Прежде всего, потому, что, как мне кажется, эта тематика ведет к возрастанию (и с постоянно возрастающей скоростью) взаимозаменяемости исследований. Поскольку можно допустить, что между различными государственными формами существует преемственность или генетическое родство, поскольку можно обозначить постоянную эволюционную динамику государства, сегодня исследования могут не только опираться друг на друга, но и отсылать друг к другу, заставляя каждое из них утрачивать свою специфичность. К примеру, исследование социальной защиты и административного аппарата, на котором она основывается, в силу нескольких соскальзываний и благодаря игре слов отсылает нас к исследованию концентрационных лагерей. А смешивание социальной защиты и концентрационных лагерей делает исследование размытым.2 Таким образом, это инфляция в том смысле, что имеют место нарастание взаимозаменяемости исследований и утрата ими специфичности.
Эта критика представляется мне инфляционной и по другой причине. Она позволяет осуществить то, что можно было бы назвать общей дисквалификацией худшего типа, поскольку, каким бы ни был объект анализа, какова бы ни была ничтожность, незначительность объекта анализа, каково бы ни было реальное функционирование объекта анализа, от имени внутренней динамики государства и от имени тех крайних форм, которые эта динамика может принимать, всегда можно сослаться на что-то худшее, так что меньшее дисквалифицируется большим, лучшее – худшим. Дело вовсе не в том, что я беру пример лучшего; давайте представим, к примеру, что в такой системе, как наша, хулиган, разбивший витрину кинотеатра, попадет под суд, и ему будет вынесен слишком суровый приговор; всегда найдутся люди, которые будут говорить, что такой приговор – признак фашизации государства, как будто бы задолго до фашистского государства не выносили таких и даже куда худших приговоров.

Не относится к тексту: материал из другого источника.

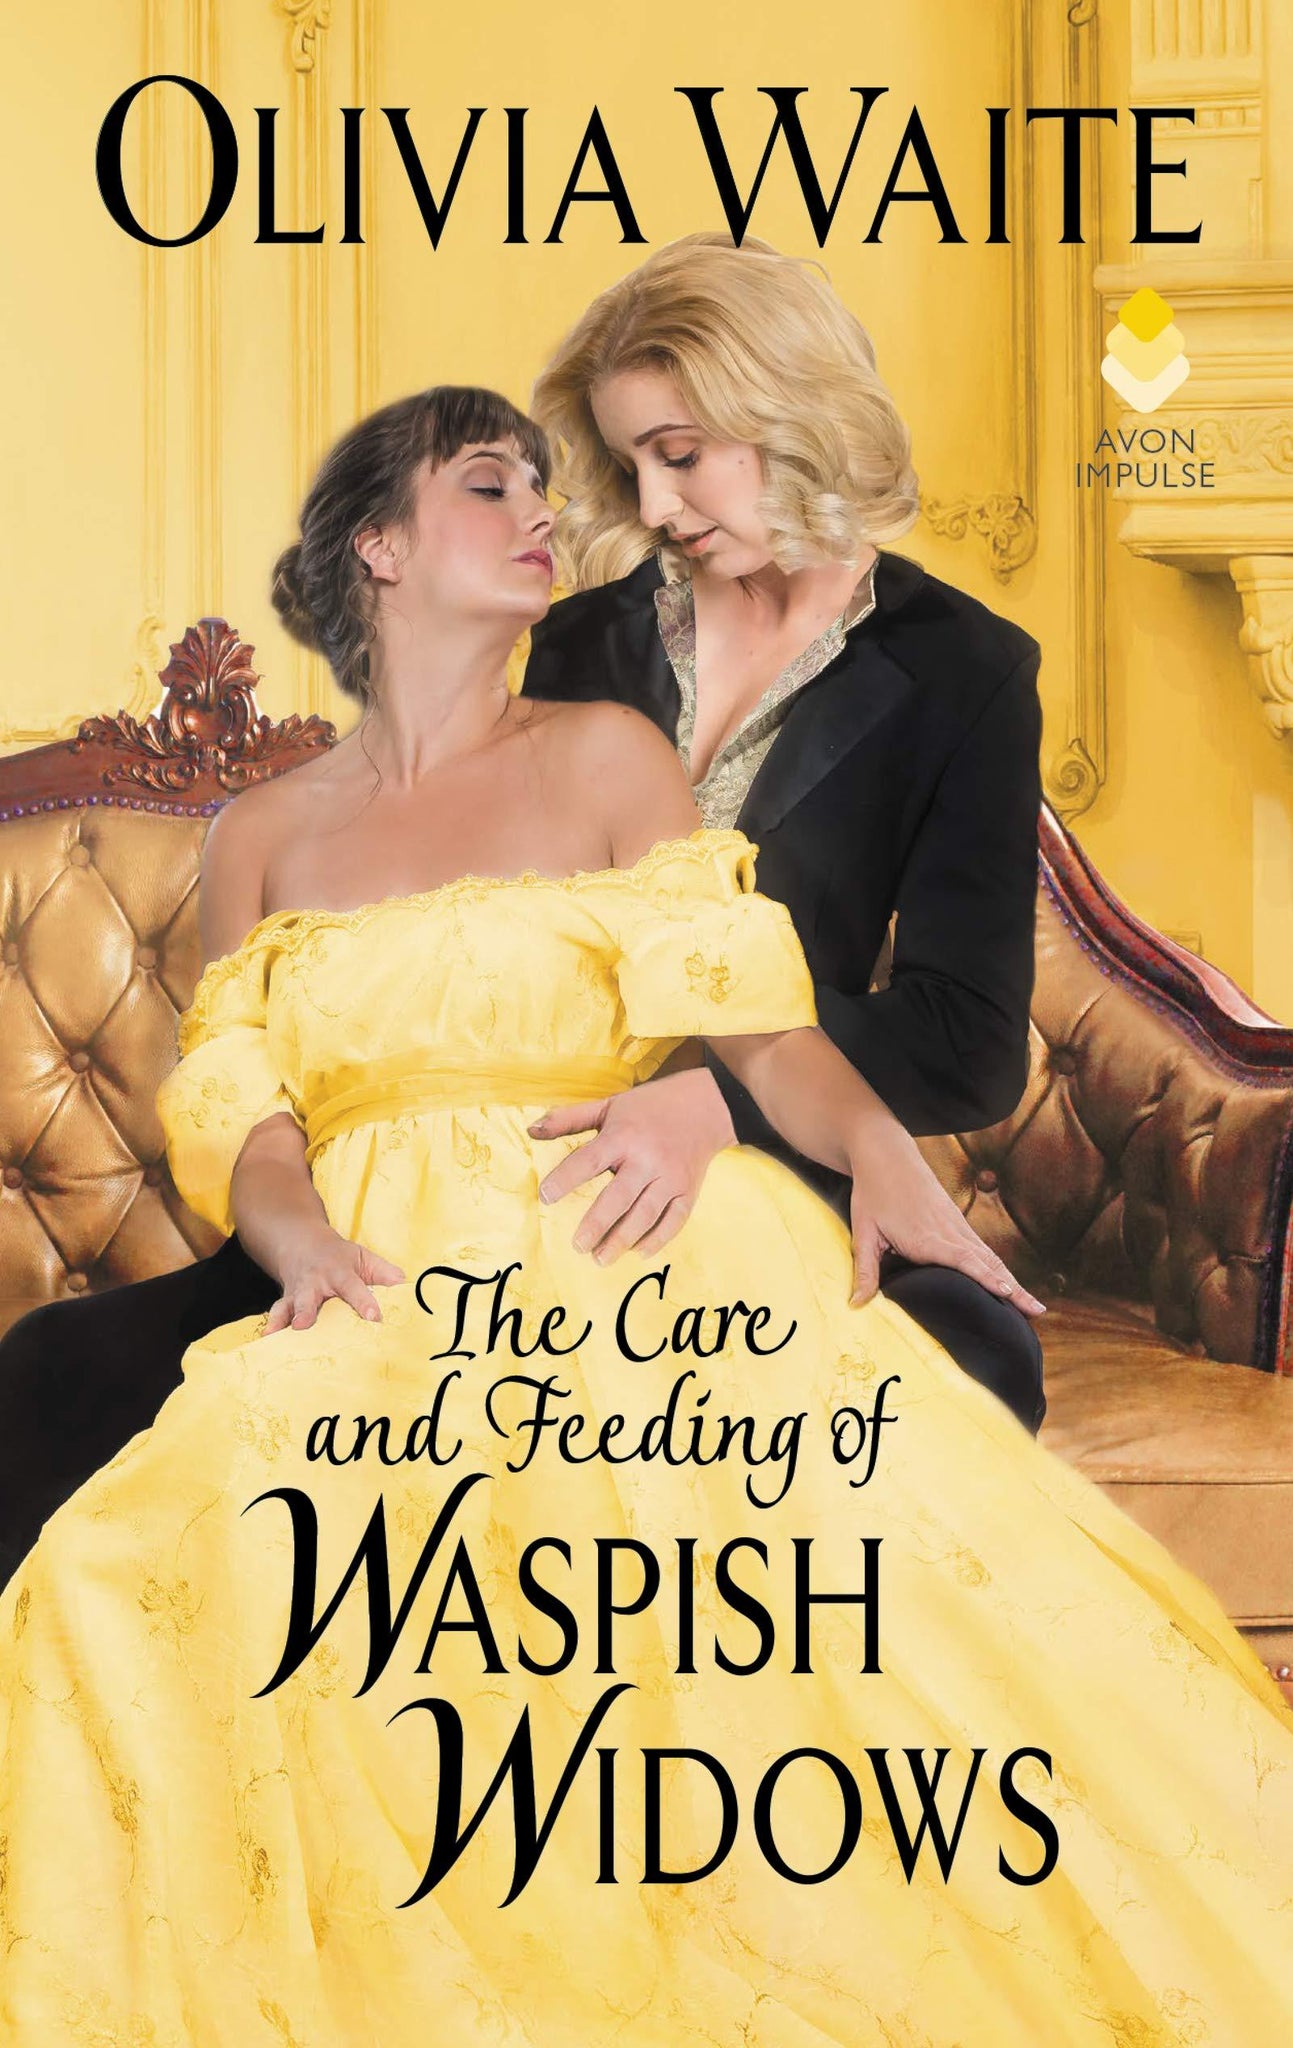 The Care and Feeding of Waspish Widows: Feminine Pursuits - ShopQueer.co

Третий фактор, третий инфляционный механизм, который, как мне кажется, характеризует такого рода исследования, заключается в том, что эти исследования позволяют избежать ответственности перед реальностью и настоящим, поскольку, ведя речь о динамике государства, всегда можно обнаружить что-то вроде сродства или опасности, что-то вроде великого фантазма параноического и пожирающего государства. Так что, в конце концов, неважно, как мы воспринимаем реальность или каков облик современной реальности. Достаточно обнаруживать, строя догадки, и, как сказал Франсуа Эвальд, «изобличать»3 что-то вроде фантазматического характера государства, не нуждаясь больше в исследовании современности. Элизия современности представляется мне [сущностью] третьего инфляционного механизма, обнаруживающегося в этой критике.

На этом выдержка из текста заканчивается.